Zaledwie Janusz przełknął tajemniczą miksturę, poczuł, że jego powieki stają się ciężkie. Upadł na miękką pufę i niemal natychmiast zasnął. Usłyszał przedtem jedynie głos Marianny:
— Miłych snów!
Nie trwało długo, a zobaczył obraz. A konkretnie budynek sejmu.
Ciekawe, o czym będzie ten sen — pomyślał mężczyzna. — A może to będzie jakiś bezsens...
Zauważył, że postać, którą był, przypominała jego, ale nie do końca. Janusz ze snu był szczuplejszy, a do tego elegancko ubrany.
Ciekawe, jak wygląda moja twarz... — Ledwo to pomyślał, przed nim pojawiło się ogromne lustro.
Mężczyzna zaczął się zastanawiać, czemu nikt się nie dziwi na widok lewitującego lustra pochodzącego znikąd, ale wtedy zauważył, że poza nim w tej okolicy nikogo nie ma. Dziwne... Jakim cudem w Warszawie, wiecznie zatłoczonej stolicy, nie ma żywej duszy? Nie umiejąc wymyślić sensownego wyjaśnienia, Janusz przejrzał się w lustrze.

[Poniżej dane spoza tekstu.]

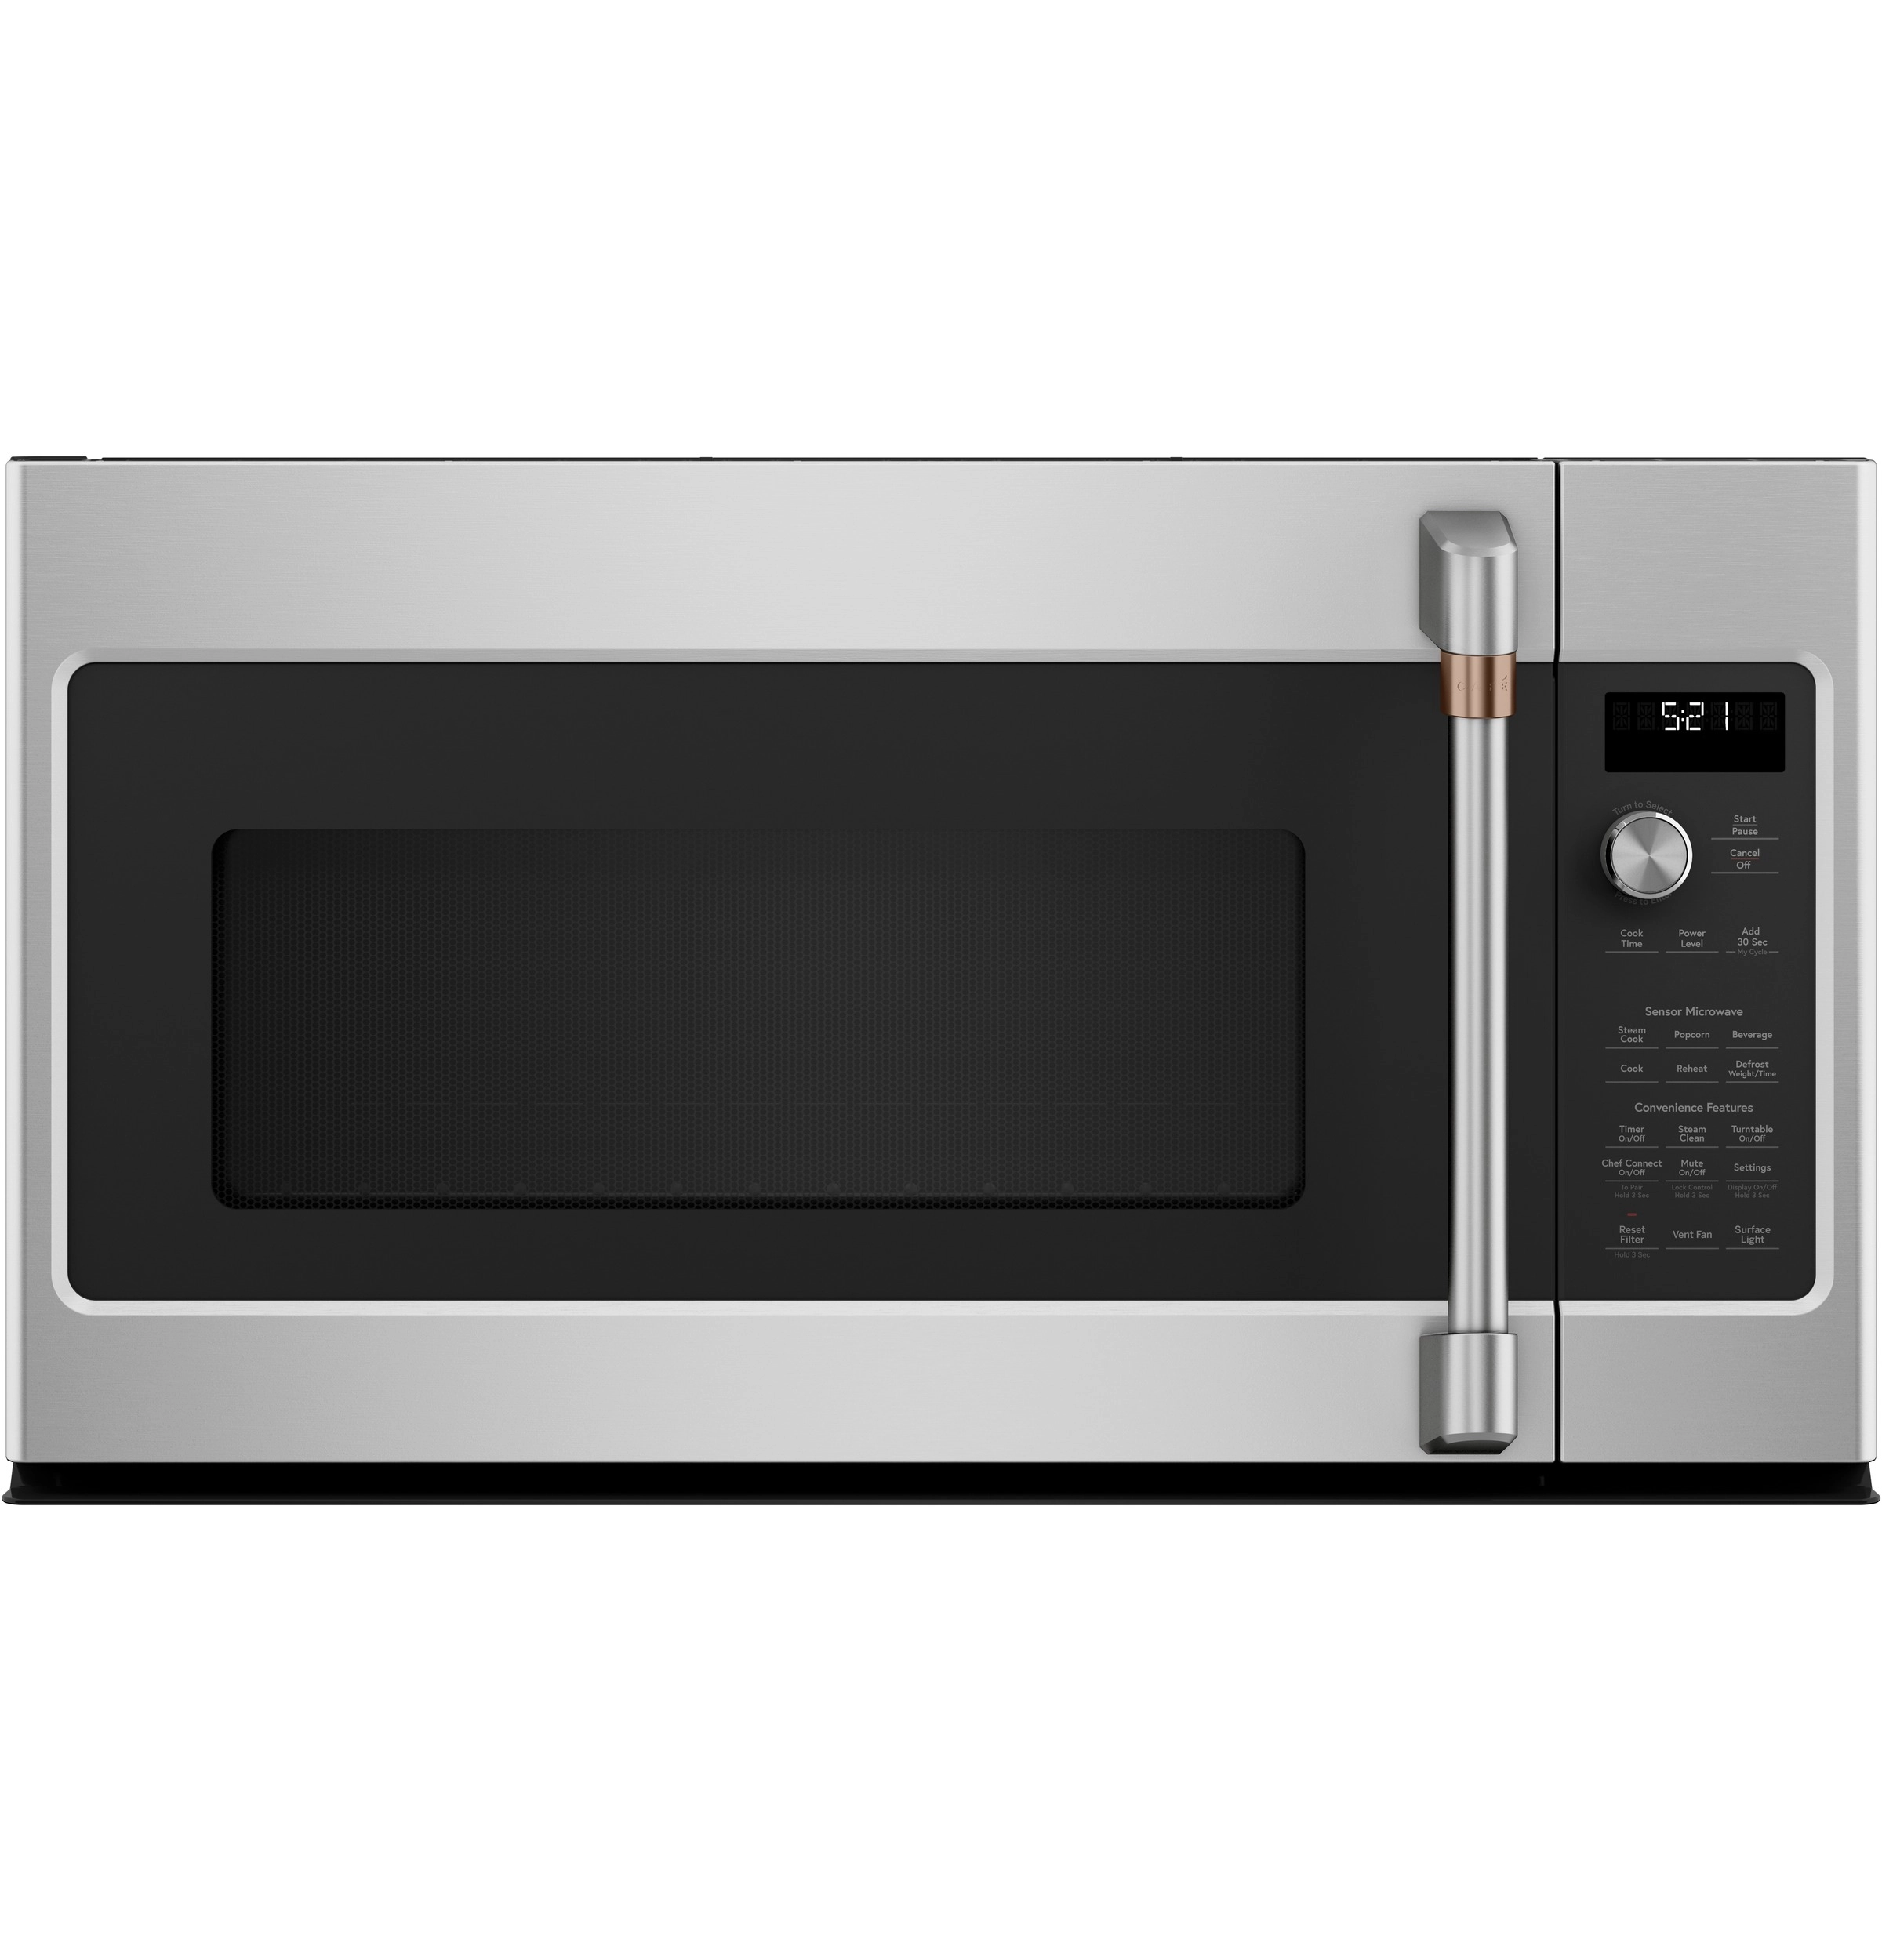 CAFE 30 Inch Over-the-Range Microwave Oven with Sensor Cooking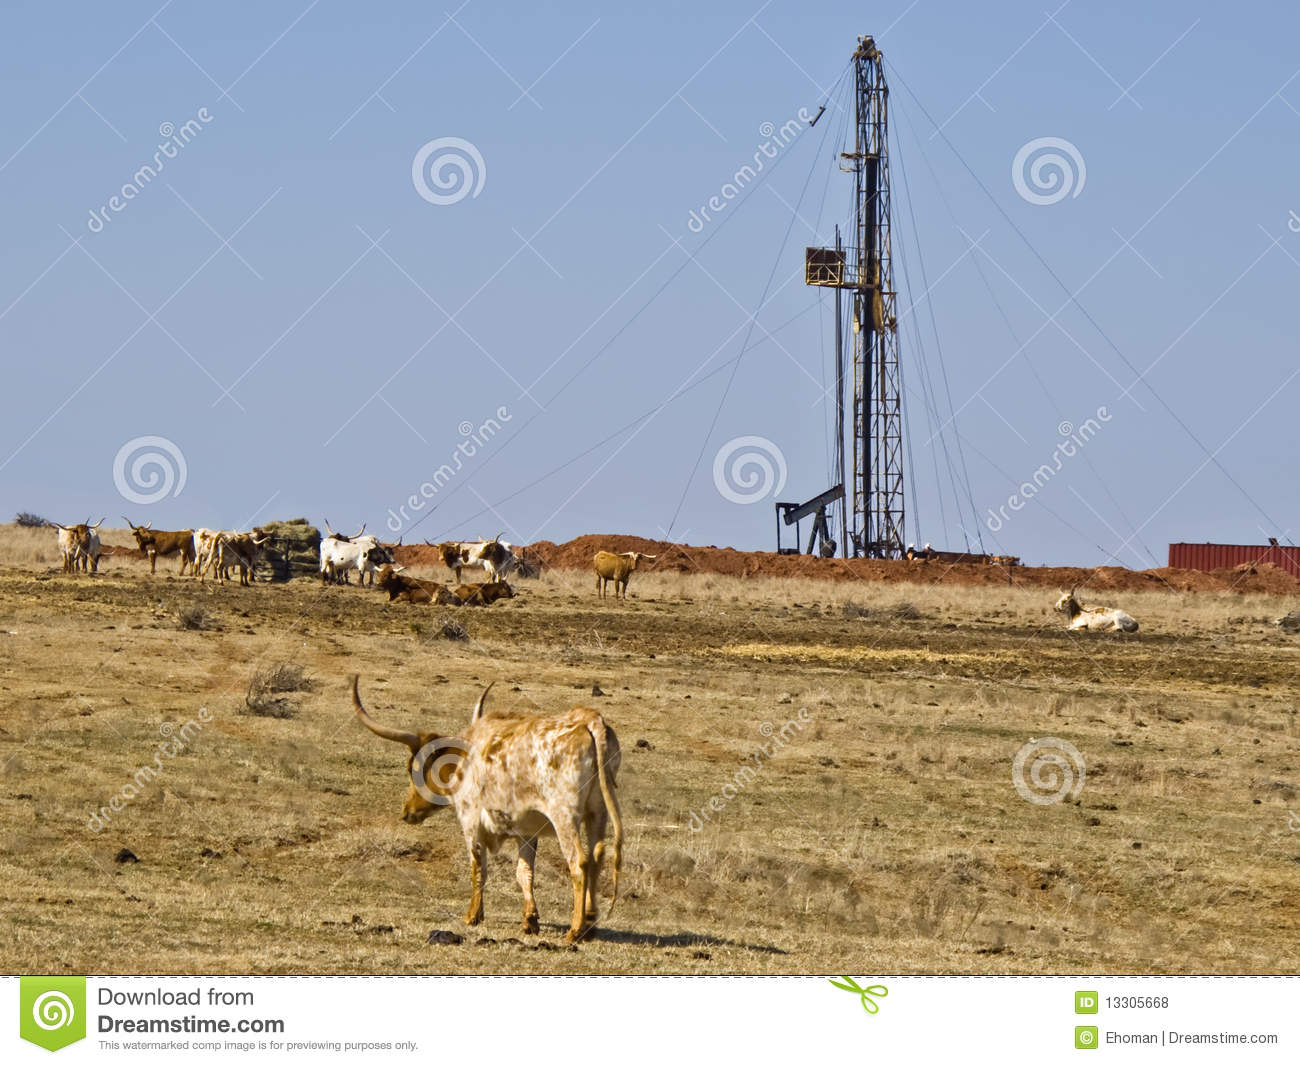 Work Over Rig And Longhorn Cattle Royalty Free Stock Photos   Image

Gdy tylko zobaczył swoją twarz, wyrwało mu się ciche wow. Wyglądał... szczerze mówiąc wyglądał jak jakiś sławny aktor, który właśnie wybierał się na rozdanie Oscarów. Idealnie gładka, ogolona szczęka była wyraźnie zarysowana. Na czole nie było widać ani jednej zmarszczki. Ciemne, gęste włosy idealnie się układały i Janusz nie miał pewności, czy użyto na nich lakieru. Równie dobrze mógł uwierzyć, że układają się tak bez żadnej pomocy. Bystre niebieskie oczy uważnie lustrowały swoje odbicie w lustrze.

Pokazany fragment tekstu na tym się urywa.